Share, subscribe or ignore

 

If you’ve made it this far, the piece of media you’re critiquing is either impressively thorough or totally bogus. 

Now comes the fun part. With all the critical thinking you’ve done on the information, it is your decision what to do with it. 

“You know, what the, there’s a lot of power that’s been given to the consumer in today’s media structure, both because you have so much choice between different news and media outlets, and because you’ve never had greater ability to express what you think about what they’re doing,” Eric Deggans from NPR said. 

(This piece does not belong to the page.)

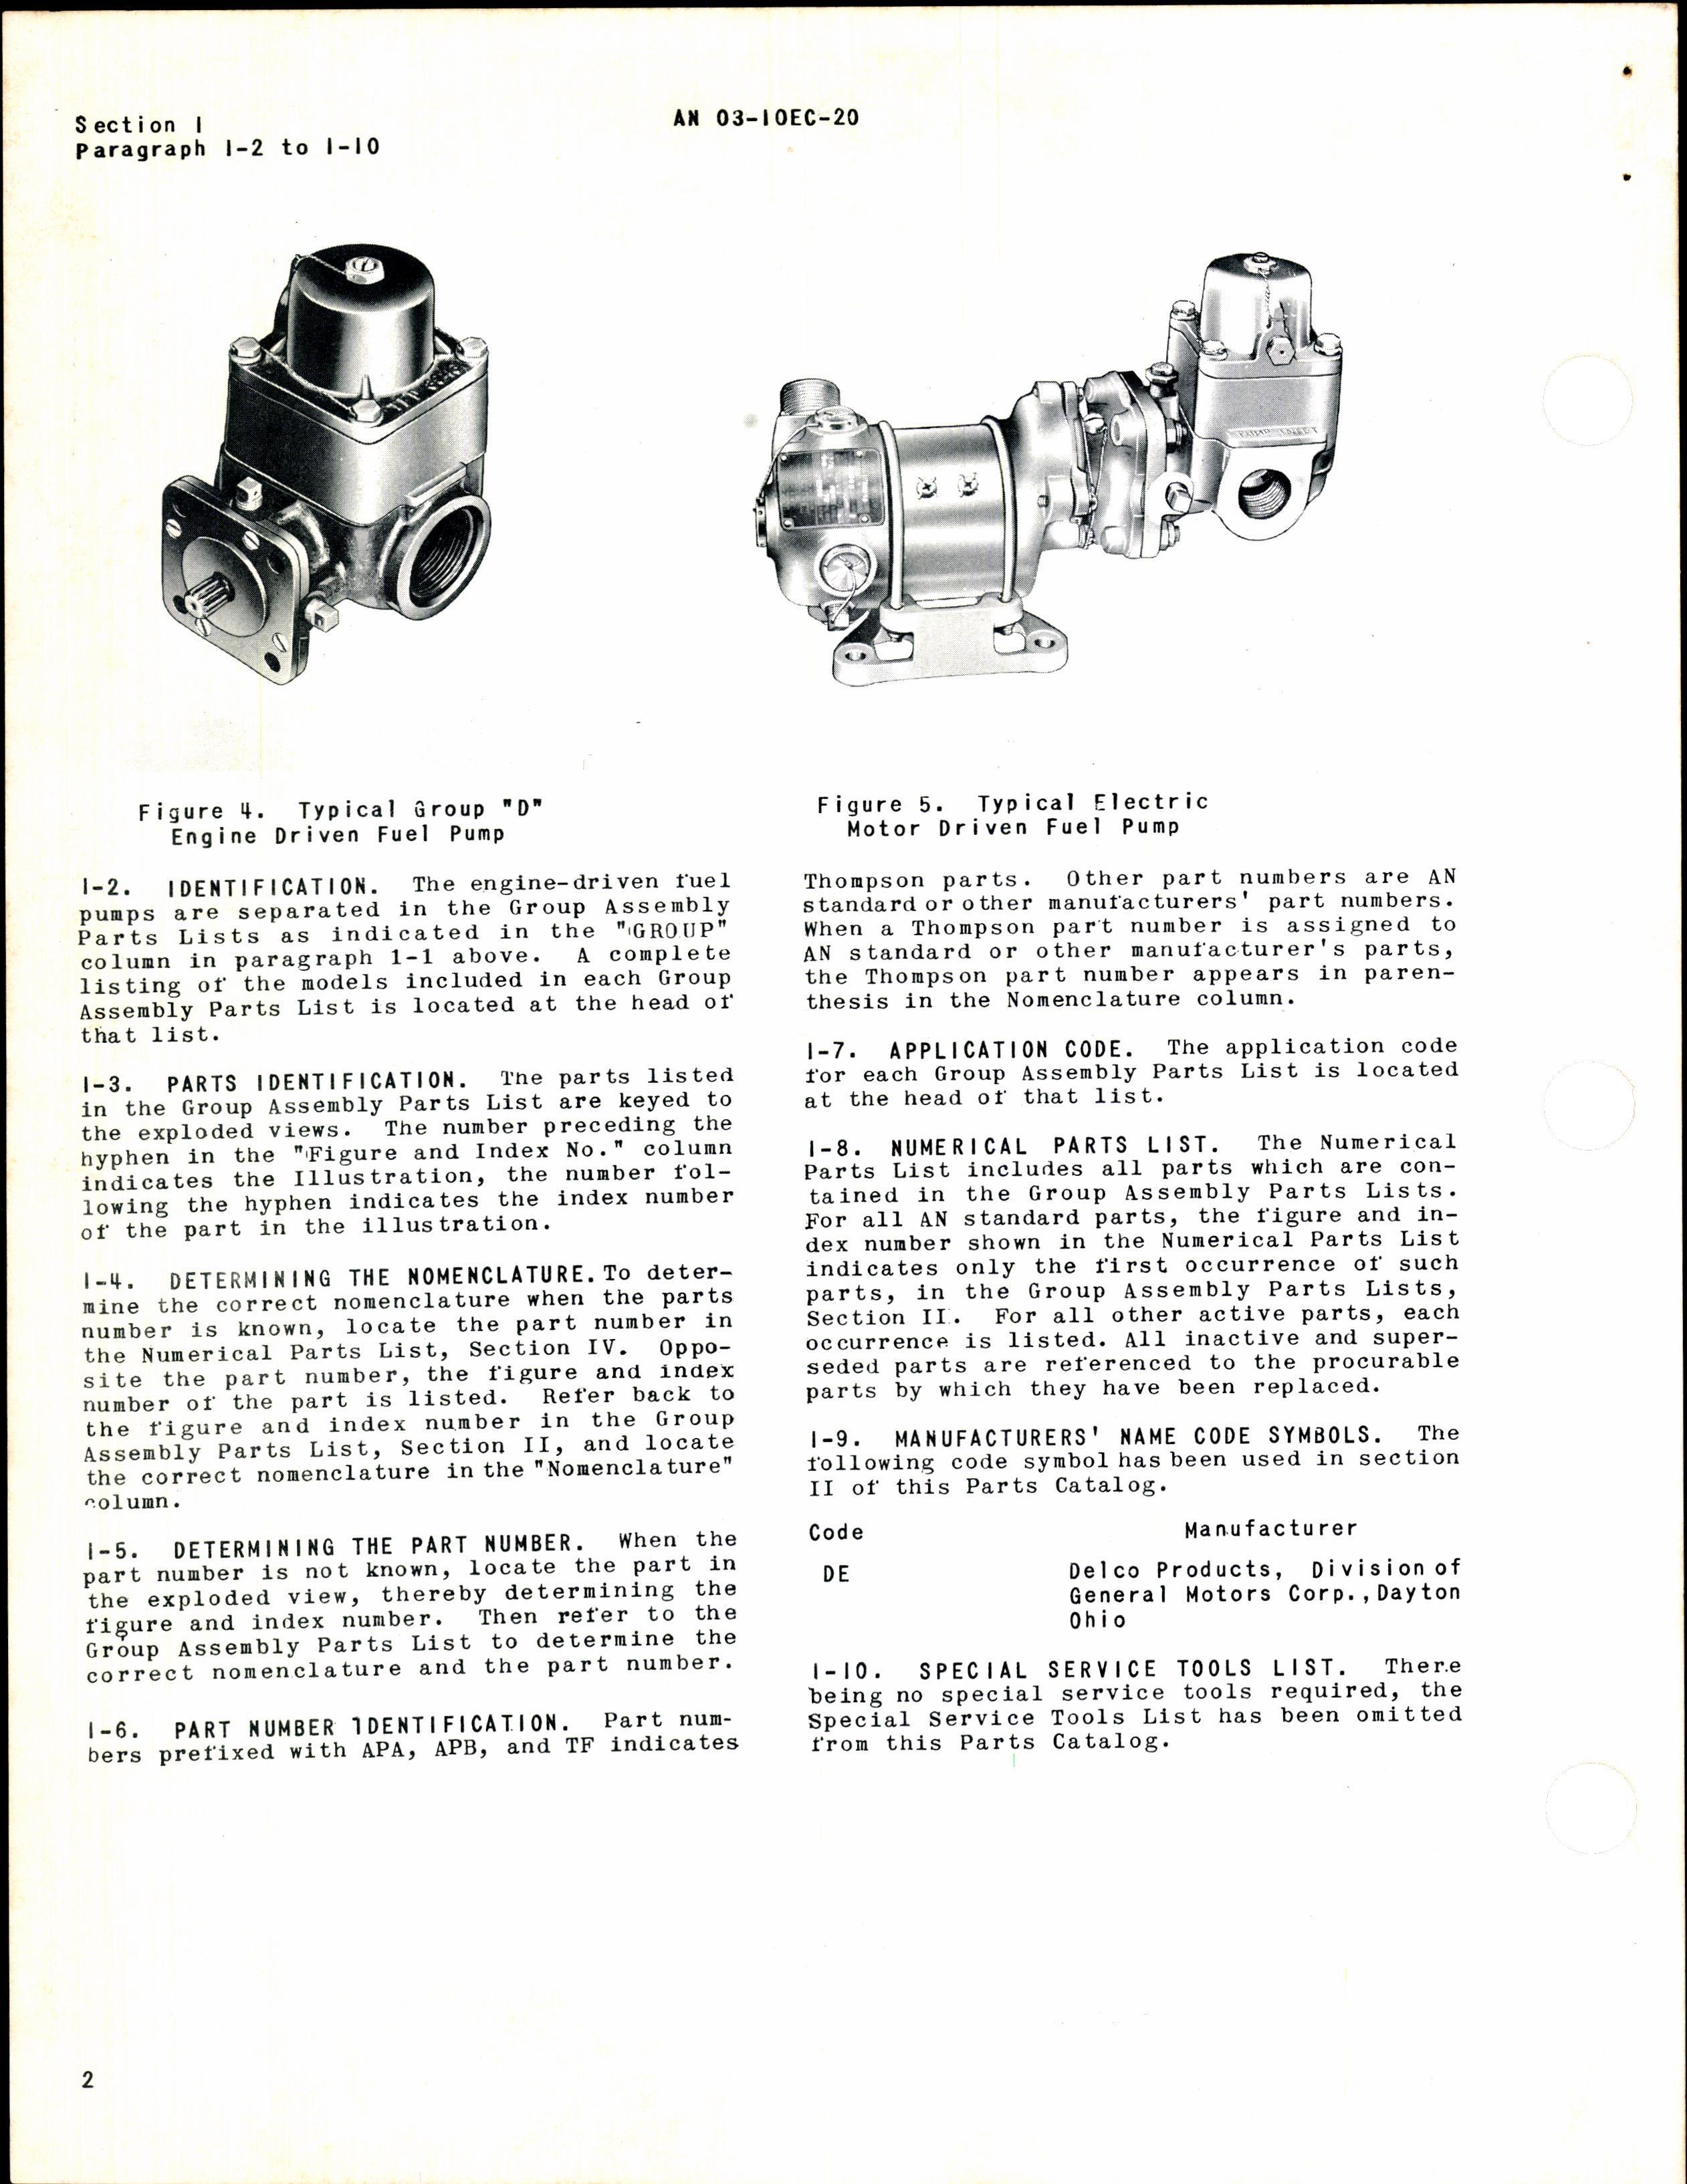 Sample page 4 from AirCorps Library document: Parts Catalog for Engine-Driven & Electric Motor Driven Thompson Fuel Pump

I like to simplify this step to three options:

  1. Share the information by posting on social media or engaging in conversations with your community.

 

  1. If you appreciate the work and want to support the publishers, subscribe to the content. News, videos, photos, shows, all of these forms of media cost money and time to produce. While paywalls can be frustrating or inaccessible for some, paying for content ensures that the content will continue and those working hard to produce it will get paid.

 

  1. If the information is bogus, sensational, or just fake, you can just plain ignore it. I usually chuckle a little and think to myself, “Wow, dodged that bullet. Now I’ll move to the next piece of media, or I’ll go play with my cat.”

 

“These spaces are really useful if we make them useful. These conversations are really productive if we let them be. And if we are engaging in that critical media conversation, we become better as a public; we become better as individuals,” Dr. Tara Pixley said. 

“When we don’t do that work, then the opposite becomes true. We don’t understand our world as well. We don’t understand each other as well. we don’t really know what’s happening. We feel scared, we feel alone. We feel confused all the time. Because we can’t determine what is real, what is factual, and what is important.”